Problem: The full listing, copied exactly and free of pictures, is the expected reply.

Source data:

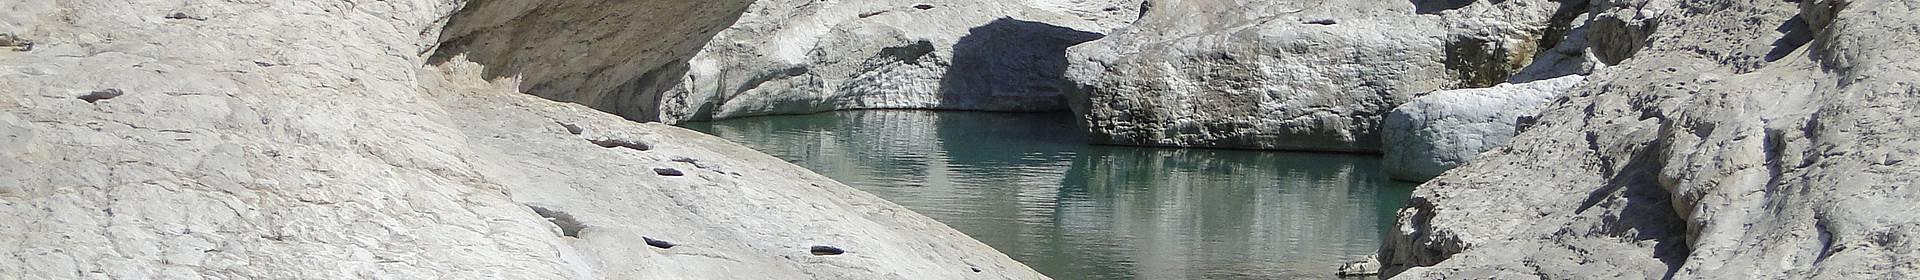 Wādī Banī Khālid
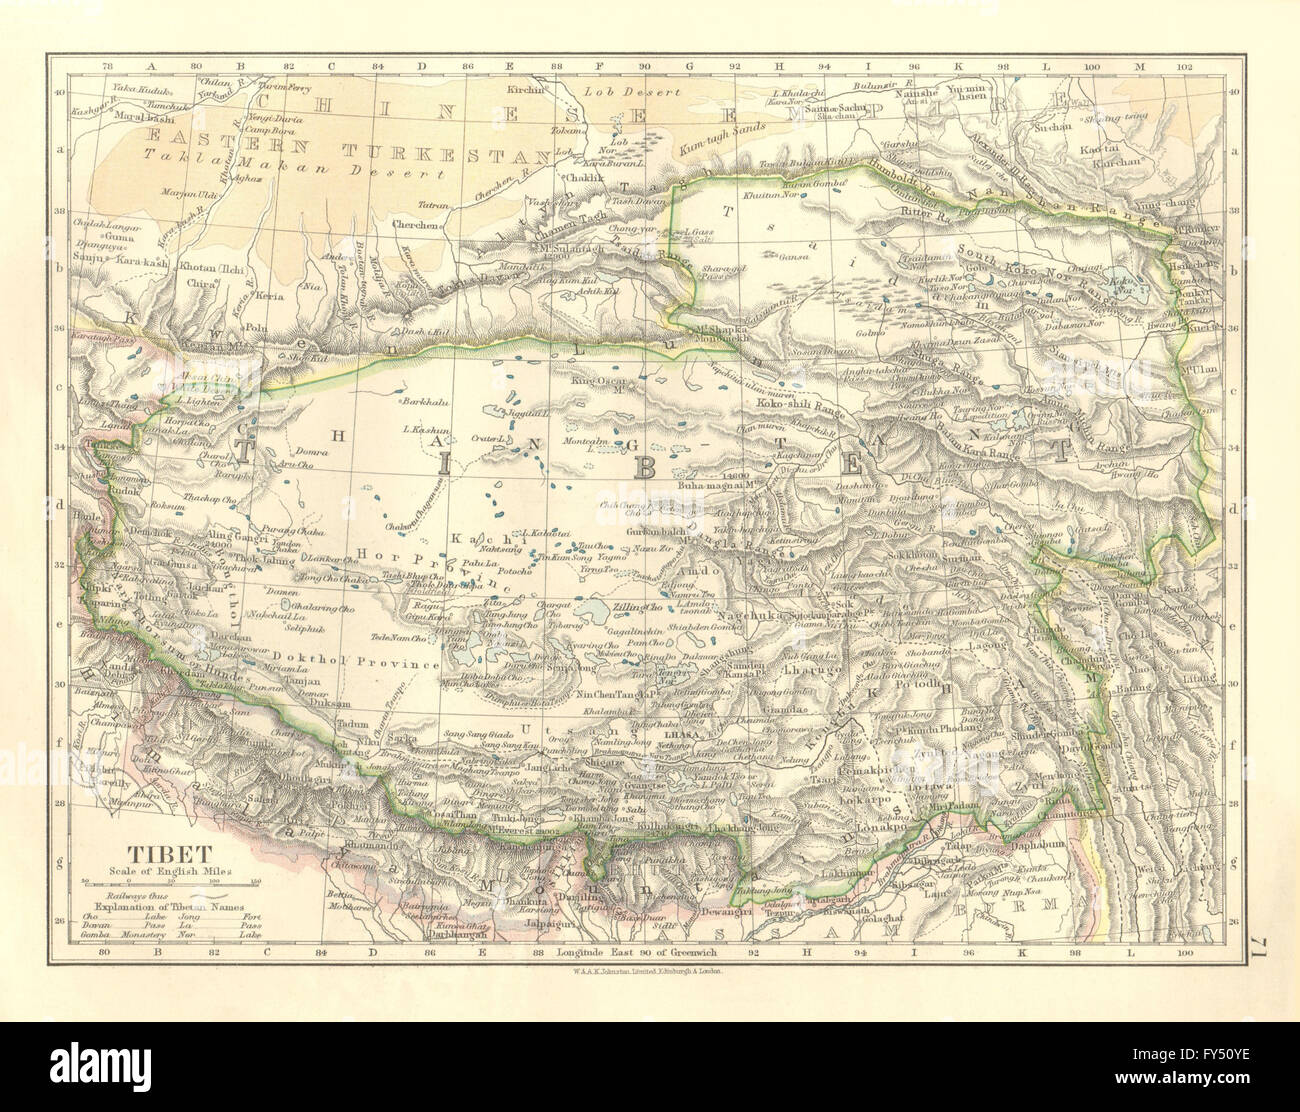 TIBET. Lhasa Chang Tang Himalayas Taklamakan desert. JOHNSTON, 1906 on
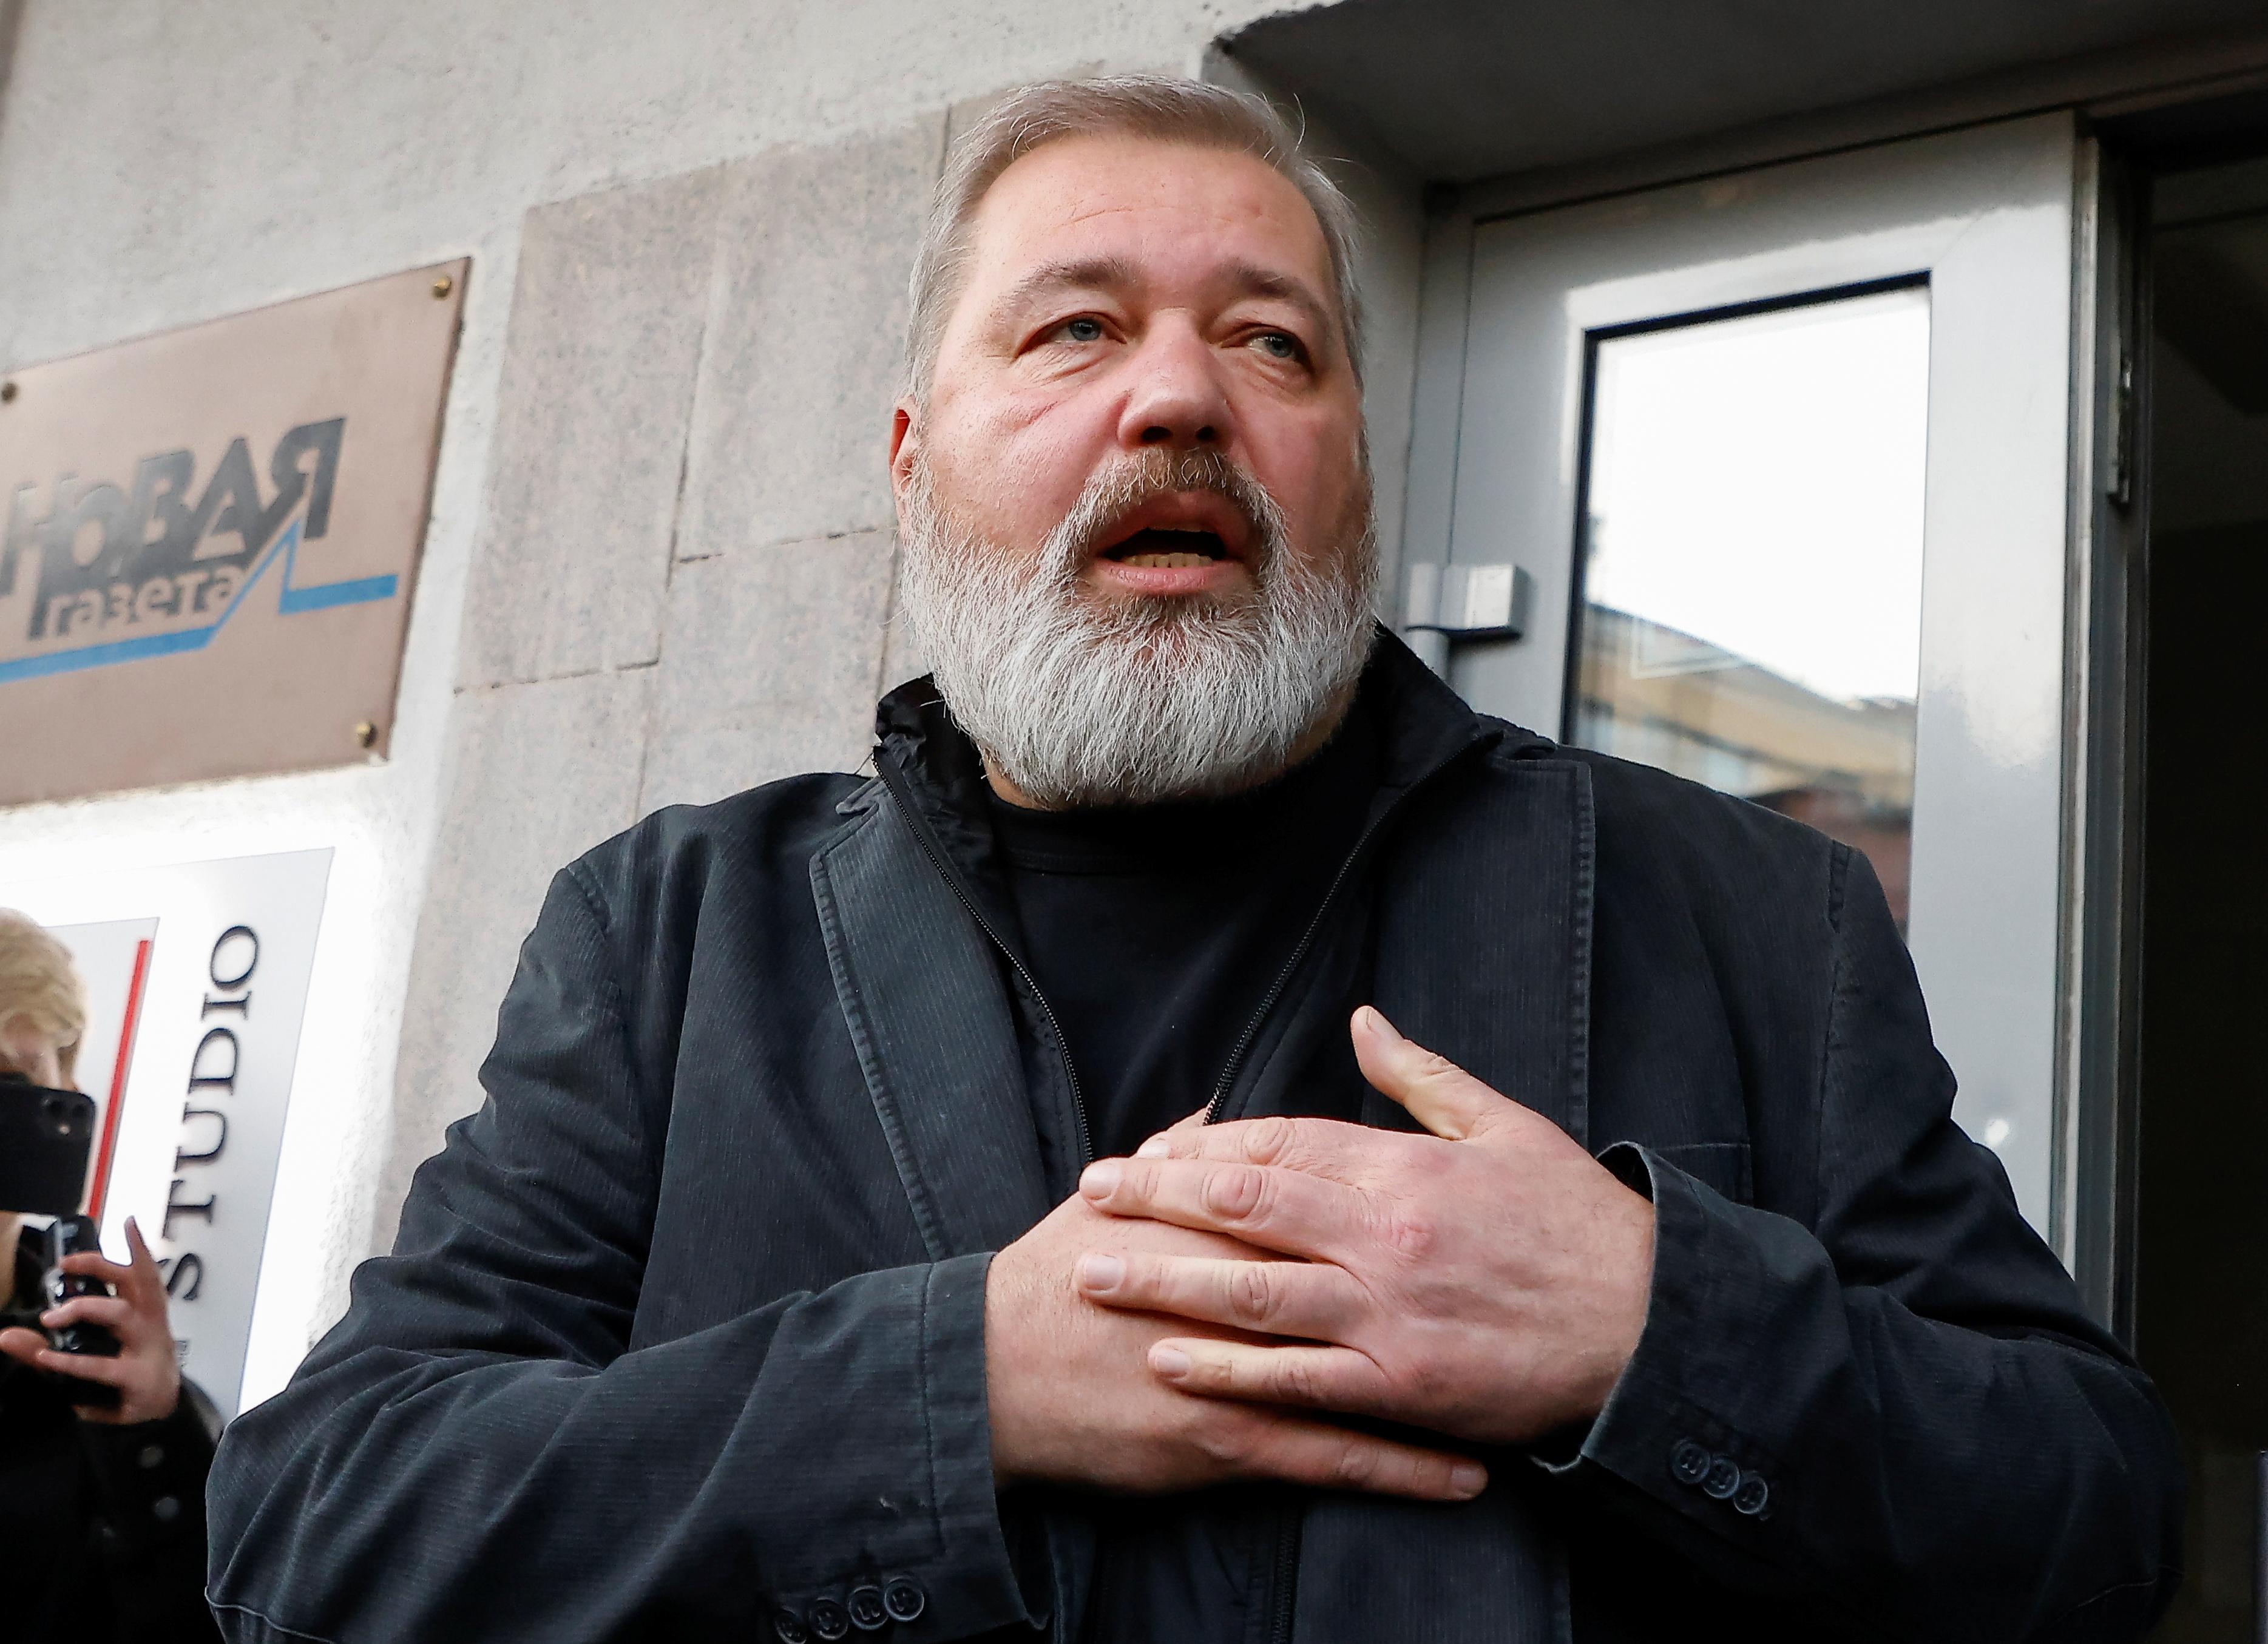 Russian investigative newspaper Novaya Gazeta's editor-in-chief Dmitry Muratov reacts as he meets journalists in Moscow, Russia October 8, 2021.  REUTERS/Maxim Shemetov

Answer to this task:
 Wādī Banī Khālid
 TIBET. Lhasa Chang Tang Himalayas Taklamakan desert. JOHNSTON, 1906 on
 Russian investigative newspaper Novaya Gazeta's editor-in-chief Dmitry Muratov reacts as he meets journalists in Moscow, Russia October 8, 2021.  REUTERS/Maxim Shemetov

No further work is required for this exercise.